This is since I blocked them.
vortech, no one ever said what we're seeing isn't a bot or the result of something automated. We just don't know what's going on. Yet.
However, what you're reporting is not what we're describing, sorry. You'll see the many dissimilarities when you read the original thread [webmasterworld.com].
Why don't you start a new thread in this same forum? That way, what you're describing will get fresh eyes and specific attention.
"Now, tell me this is not a bot.."
It's a play on words, of course it's a bot.
If you had read my message #32 in this thread you would see that I AM getting these same truncated requests that are being discussed in this thread. The correct URL request doesn't end with an "&" it's being truncated.
Looks like it's time for a recap of the common oddities we're still seeing and have been since the first week of April (4th; 5th):
The following occur ~100% of the time --
1.) The truncated URLs are 40 characters long, a.k.a. 47 characters from [www...] to the end. (URL-path lengths that come in at 51 still end up at 47 minus the www. prefix. Confused? Sorry! See Jim's info in the original thread [webmasterworld.com].) This means that sites with longer domain, directory and/or file names see the partial or truncated URLs the most. Sites with shorter names may not see them at all.
2.) The User-agent begins with "Mozilla/4.0 (compatible; MSIE 6.0; Windows NT 5.1" and does not contain search-related info (see original thread). For example:
Mozilla/4.0 (compatible; MSIE 6.0; Windows NT 5.1)
Mozilla/4.0 (compatible; MSIE 6.0; Windows NT 5.1; SV1; .NET CLR 1.0.3705)
3.) Attempts to contact the visitor Hosts/IPs requesting the truncated URLs are fruitless. (Efforts include a 302 redirect to a special, off-site page [webmasterworld.com] with contact info and an address .jpg; the graphic is retrieved, but the contact-me message unheeded.)
The following occur ~95-99% of the time --
4.) The truncated-URL file is the only file requested.
5.) The correct file is not looked for after the truncated-URL file is not found, regardless of server error code.
6.) There are no concurrent file requests of any kind, rapid-fire or otherwise.
7.) The exact same Host/IP (e.g.: www.abcdefg.com; ###.###.###.###) has never been to the site before, neither does it return.
8.) The Hosts/IPs are U.S.-based and big (telecoms, cablecos, governmental agencies), but not search entities per se.
9.) There are no referers for the initial file requests.
- The 'visitors' are not real people in real time. It's a bot/crawler/whatever.
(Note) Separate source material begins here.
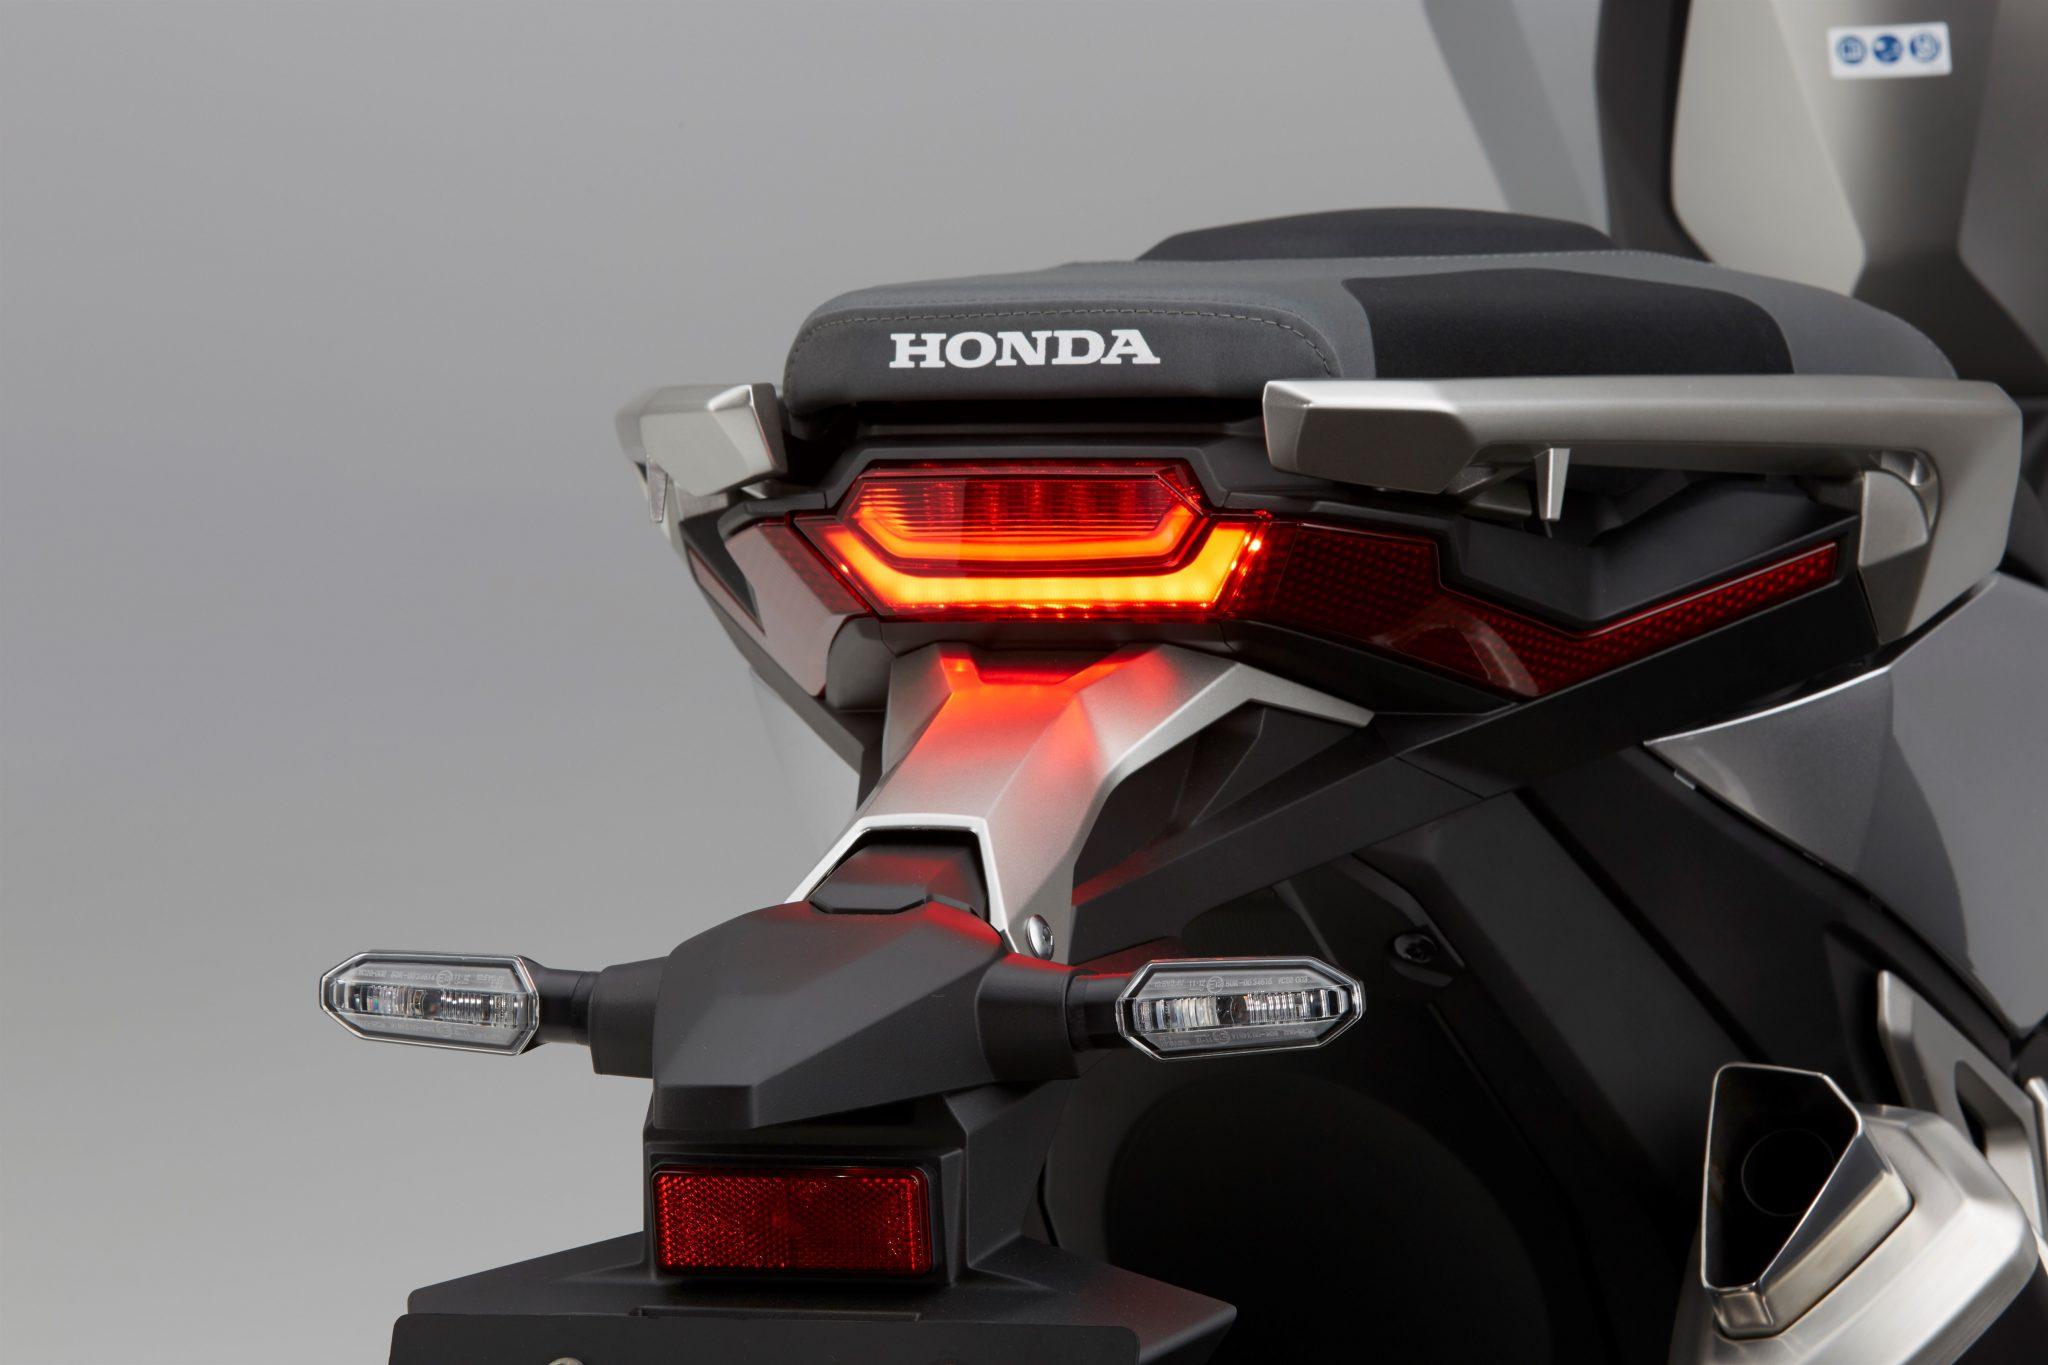 HONDA X-ADV bei Auto Stahl Rückleuchte

But...
- Original source/creator =?
- Commonality amongst visitors =?
- Commonality amongst sites visited =?
- Commonality amongst platforms visited =?
- Yahoo and/or Viewpoint et al SERPs-connected?
Searching Viewpoint [search.viewpoint.com] for typically long-URL'd blogspot.com-related pages [search.viewpoint.com] (mods: link goes to SERPs not blogs) shows correct links URLs (in blue) AND their truncated, unlinked URLs (in green). Thus could a bot/whatever be scraping an engine's SERPs?
Well, that's all I know. And don't:)
If you're seeing #1-3 ALL the time AND #4-9 ALMOST all the time, feel free to chime in with your specifics and observations! If you're seeing absolutely anything else, please start a new thread in this forum, thanks!
It seems that the only static fact in this is that the truncated URL is 47 characters in length. This is what I'm seeing, which is why I posted. To limit the criteria to these other factors is not going to help you solve anything. What if they change UA? It seems logical to look for the anomaly rather then the norm and hope they slip up and you can nail it down.
I've already solved this problem as it pertains to my sites, so don't have a worry.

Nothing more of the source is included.